Teresa Colín fungió como médium y cuerpo abierto para el encuentro desde diversos niveles de pensamientos en conexión con el Todo, reconstruyendo sucesos posibles de la humanidad, la naturaleza y de otras inteligencias, uniendo pasado, presente y futuro, a partir de un portal donde lo sensorial crea un alcance de significación en la mística manera de precisar bajo el hermetismo: destellos sobrenaturales.

Y Oscar Rodríguez Ramírez aparece con su obra dibujística como si se tratara de una matrioska, al presentar muchas lecturas simultaneas, por esa especial capacidad metanarrativa visual que las componen. La superposición de elementos es una característica que genera una atmosfera pesada, sugiriendo una sensación de sobrecarga en la imagen.

Cuerpos alargados que juegan con el espacio. Colores grises, pasteles, oscuros, opacos, que da la posibilidad de la técnica del bolígrafo, y el artista sabe emplear logrando con trazos definidos una figuratividad que asombra. Rostros de expresión neutra, quizá insatisfechos o faltos de sorpresa, detalles precisos de una decoración interna en espacios cerrados. Habitaciones, adornos de muñecas, portaretratos, pinturas dentro de la obra que dialogan en un reconocimiento del sentido histórico y estético del arte.

Encontramos animales míticos e híbridos, personajes que expresan satisfacción, goce, encuentros, enamoramientos, música, baile, sobre todo gente que parece estar sumergida en una nostalgia por el futuro incierto. Su obra está cargada de personajes, cada uno con una historia distinta, pero cada uno tan parecido al otro que entre ellos mismo generan cierto caos, son imágenes que pretenden unión y ruptura sugiriendo otra alteridad.

En estos dibujos lo que parece ser no es y lo que es puede resultar otra cosa, un realismo dark, o el surgimiento de personajes que terminan siendo drags, critica y cuestiona el discurso cultural oficializado en las paredes que los encierran: la ambientación sexual de cuerpos desnudos y semidesnudos en cierta liberación nocturna, el amor como una interacción por momentos de cuerpos asexuados, personajes diablos, personajes travestis, personajes que se comunican en una transformación de cuerpos que exhiben la moda, el glamour, las apariencias y los tacones como símbolo de elegancia.

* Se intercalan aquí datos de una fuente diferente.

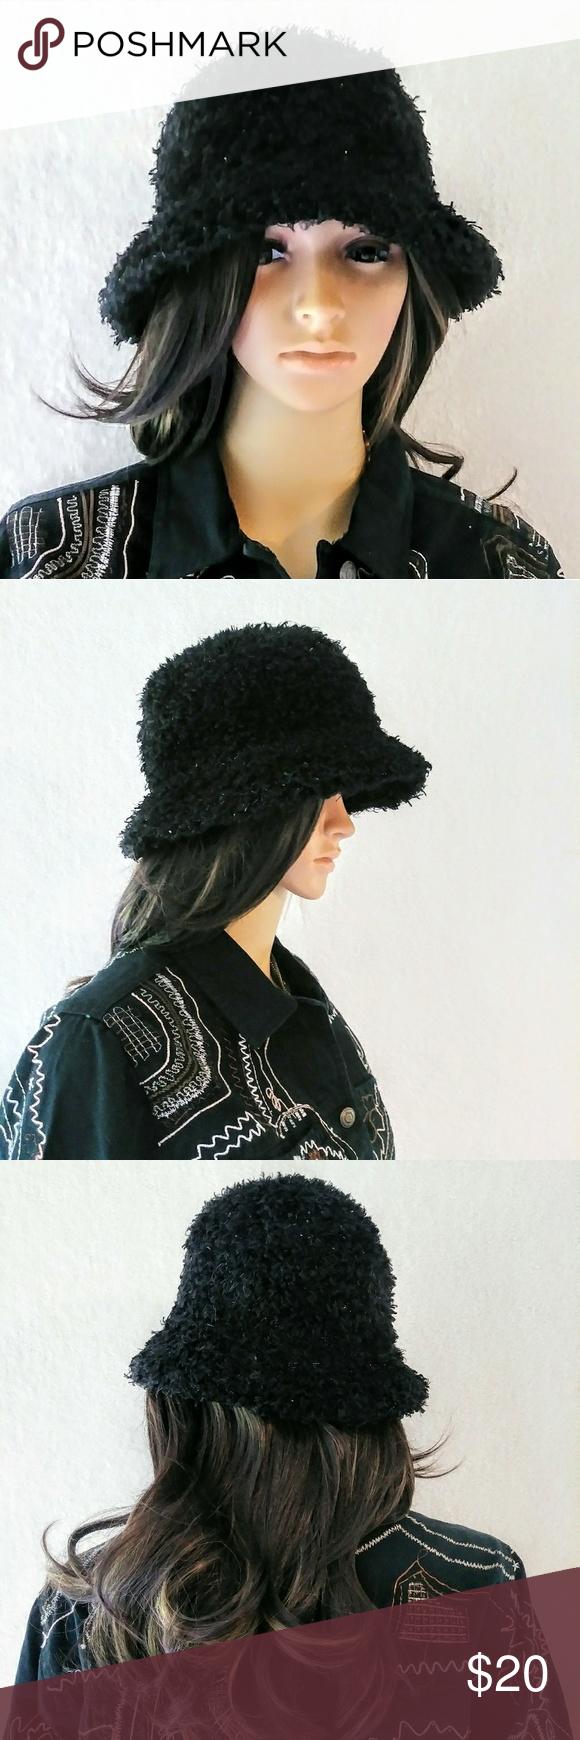 I just added this listing on Poshmark  Cejon Black Shaggy Sparkly Bucket Hat.   shopmycloset  poshmark  fashion  shopping  style  forsale  Cejon   Accessories 07d822f25da
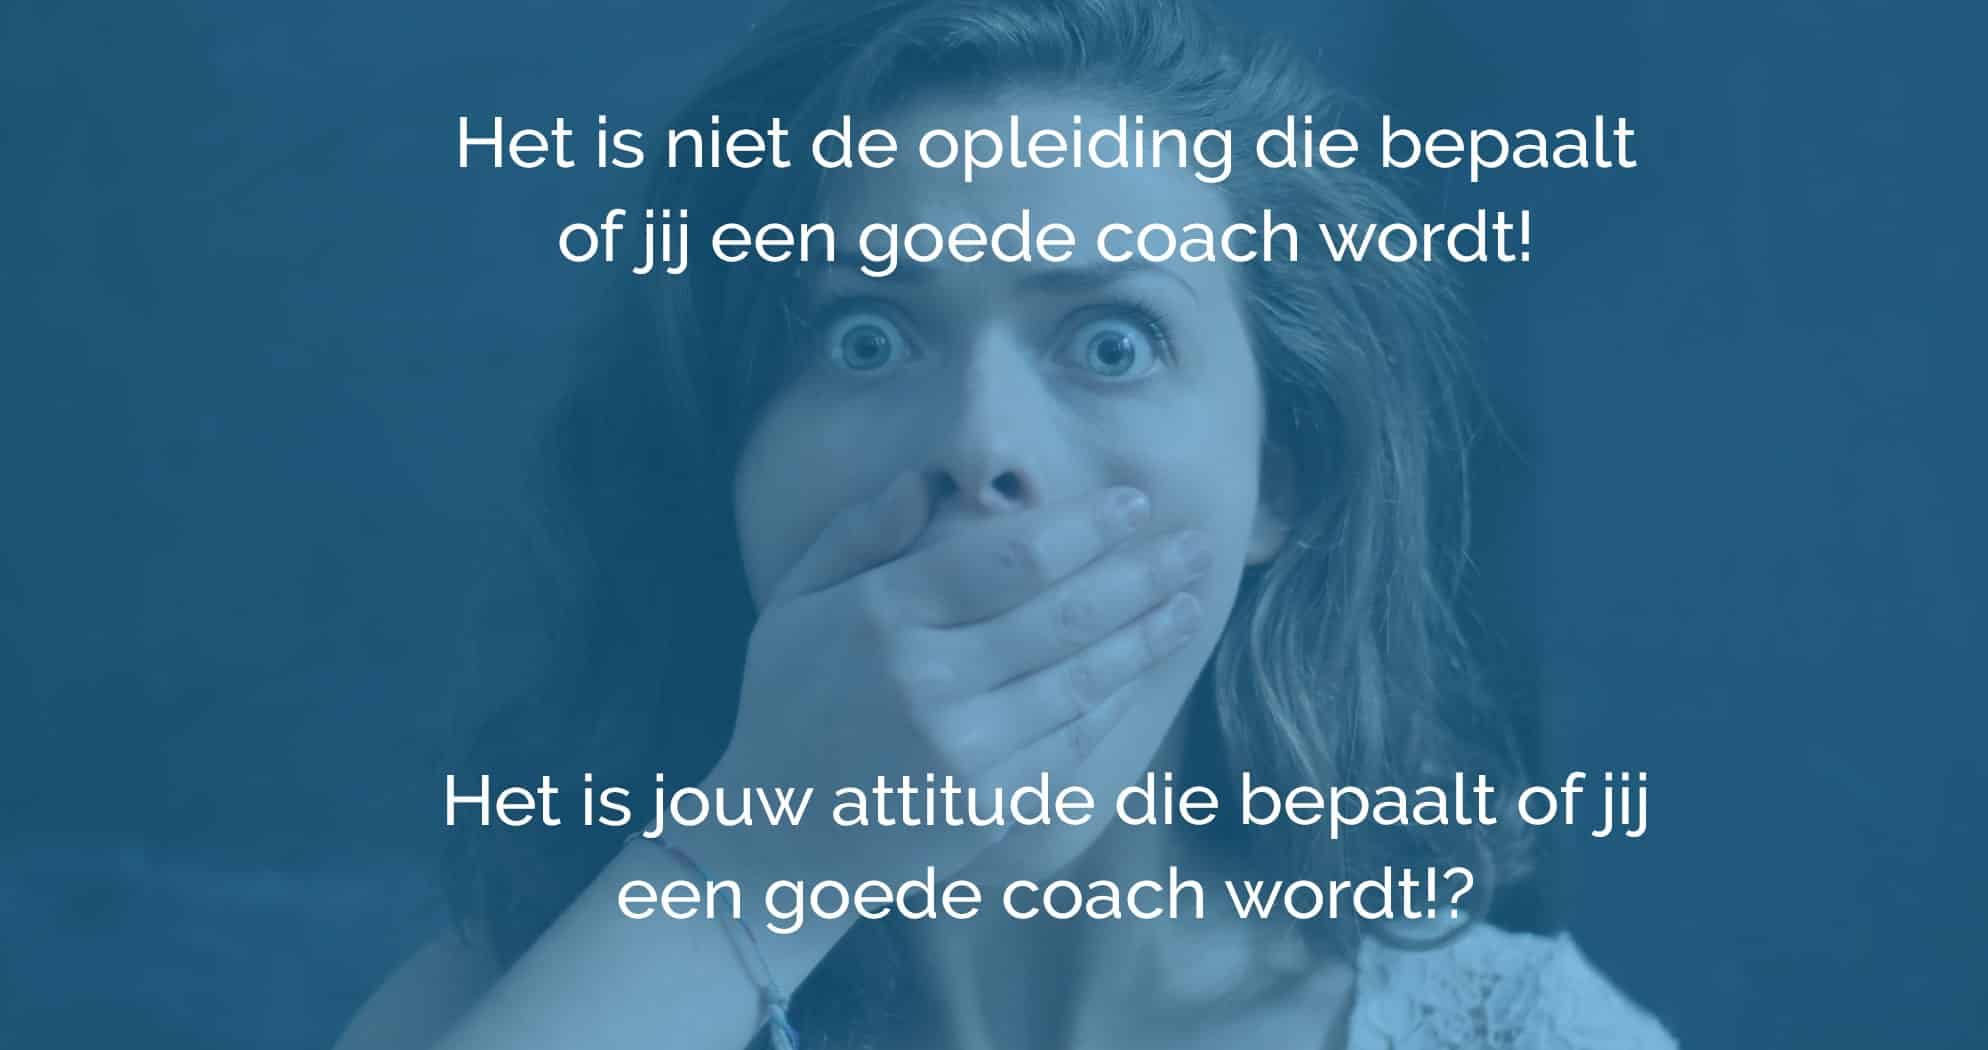 Hoe Kies Ik De Juiste Coaching Opleiding | Apluscoaching | Anja Pairoux

El amor libre, el amor etílico, el amor y la religión; y esta religión católica que se evidencia en la aceptación de una fe. Su obra es uno y cientos de personajes con rasgos y facciones parecidas, como si se tratara de retratos continuos a un juego de roles, donde uno y todos parecen los mismos; composiciones que integran al ritmo de la repetición un particular mundo deseado.

Estos tres artistas, cada uno con su estética particular, forman parte de este acercamiento a la cultura visual del arte poblano, donde se superponen y crean relaciones locales que se hacen universales, miradas críticas a un mundo donde la cotidianidad adquiere otros sentidos, un contexto social y cultural que se expanden en universos de sentidos más complejos y se vuelve arte globalizado, sin apartarse de las tendencia actuales de creación, sino proponiendo otros discursos, en el que cada uno desde su laboratorio creativo, va dialogando con el entorno, como una fuente mágica que los atrapa para poder rehacer su imaginario.